What would that job be for you? 🙂

Question of the day (10th March).

What matters to you more: being successful at work or being part of a loving relationship/family and why?

My answer:

It’s kind of hard to say for me, because although I have a job, I can’t say I’m either particularly successful or not successful, mostly because the range of my duties is rather narrow, and so is my work experience as I haven’t worked in any other job than I do now, and it’s unlikely I’ll have a chance to work anywhere else, or even if so, it would probably be in a similar way. Also, while I do have a loving family, I haven’t been in any romantic relationship (unless you count Misha) and it’s not likely to change any time soon which is fine by me, so I have no experience in that either and it’s a bit hard for me to imagine myself being either successful at work or having a family of my own, like, one that I would have started, whether loving or not.

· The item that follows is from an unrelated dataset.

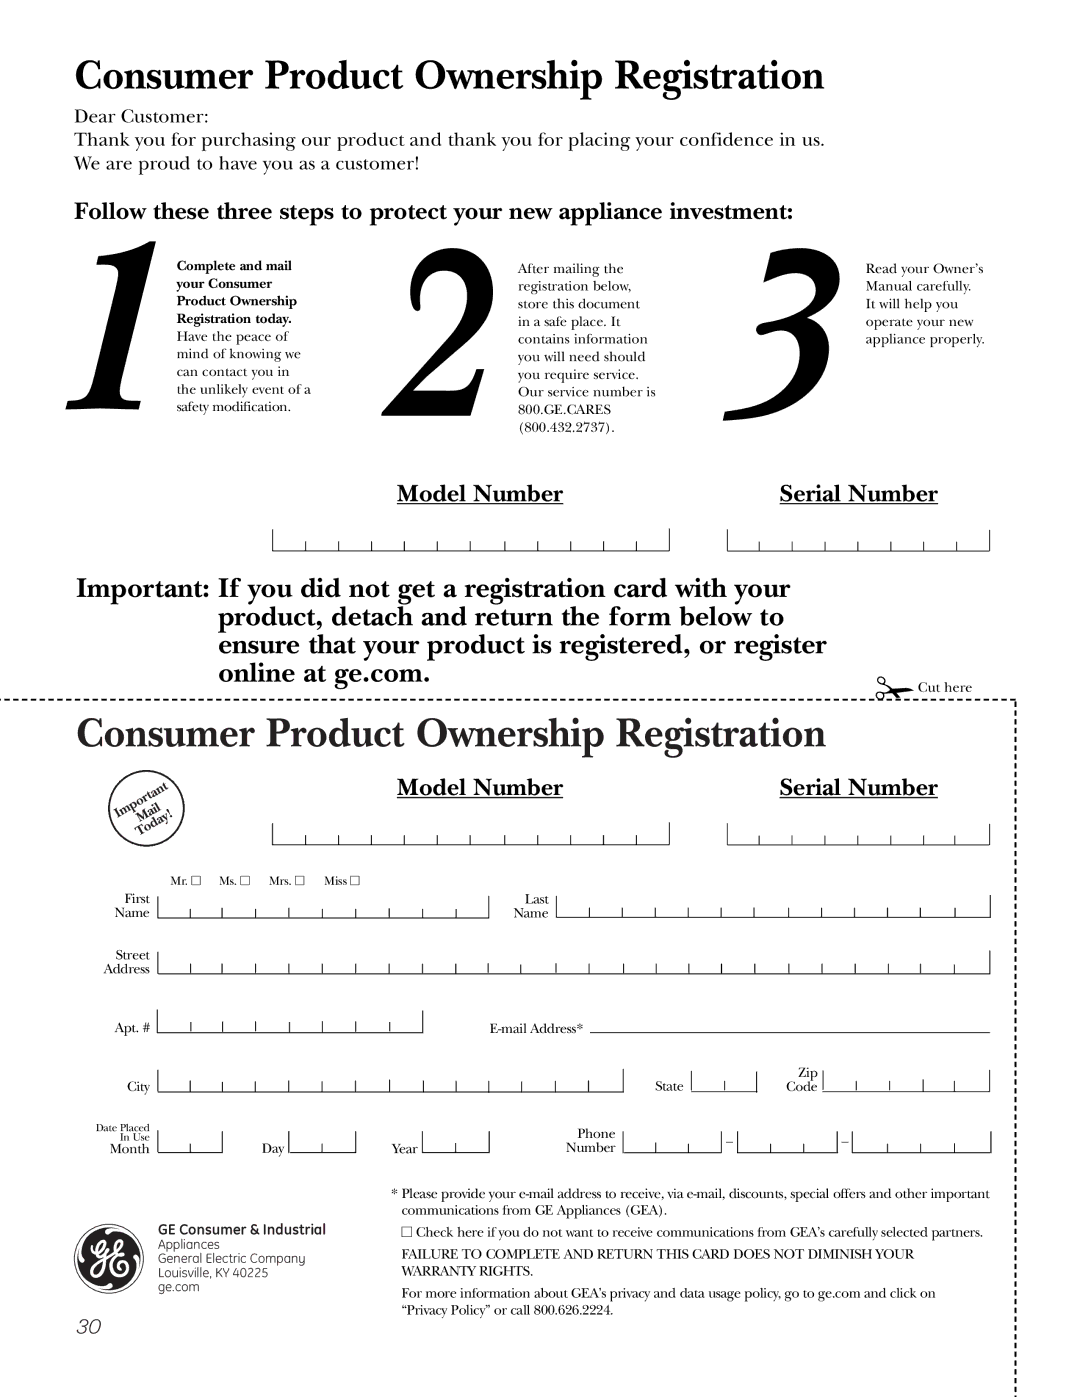 GE PK91627 manual Consumer Product Ownership Registration

But I really value the fact that I have a good relationship with my immediate family – parents, siblings, or at least Sofi, and Misha – and I think that would always be more important to me than any job accomplishments I could achieve, even if I really liked my job and it would be really satisfying for me financially.

How about you? 🙂

Question of the day (26th August).

Hey people. 🙂

Here’s my another question for you:

Throughout childhood, did you seek to have a specific profession (perhaps different professions during different periods) once reaching adulthood? Did this change once you passed beyond high school?

My answer:

I had multiple ideas throughout my childhood as for what I wanted to be as an adult, but it rarely or never was very clear, like, I’m sure I want to be this, and I will do anything to make it happen. And, in fact, the older I got, the more blurred my ideas were getting, due to many factors. When I was in nursery, so in my case from the age 5, I really loved singing. I don’t know where I got that from, I certainly had some skill for it but I have an impression this could be that stereotype that, you know, blind people are always good at music, and my family picked it up and so I did too. But whatever the cause of that, I liked it at the time, and whenever someone would ask me about what I wanted to be in the future, I’d say I would like to either be a singer, or a musician, or perhaps even a dancer, and that I didn’t want to have babies, because when women want a baby, they can have it, but they don’t have to when they don’t want. 😀 Around the same time though (I have a feeling I might have written about that somewhere on my blog earlier), I got some weird dream or an imagining or whatever it was. I was lying in bed at night in the nursery and almost falling asleep, or perhaps I was already somewhere between asleep and awake, and I know that a while earlier I was thinking about how it feels like to be an adult, and that I guess I wouldn’t like to be. And then, I saw myself as an adult, in a really huge kitchen. I was about to prepare a meal I guess, and I was all surrounded with little children and toddlers clinging to me. But the most weird and vivid thing for me that I remember the best in that little scene was the sense of hopelessness and despair I felt, and that I didn’t know what to do, like at all, with myself, with those kids, with that damn meal, it was frustrating, I was lost and confused and like people are expecting something from me but I didn’t know what and how to do it. I think it had to be a really powerful image because it stayed with me for years and when I was a kid, whenever I heard the word “adult”, that was what first came to my mind, and I still have that association somewhere in my brain.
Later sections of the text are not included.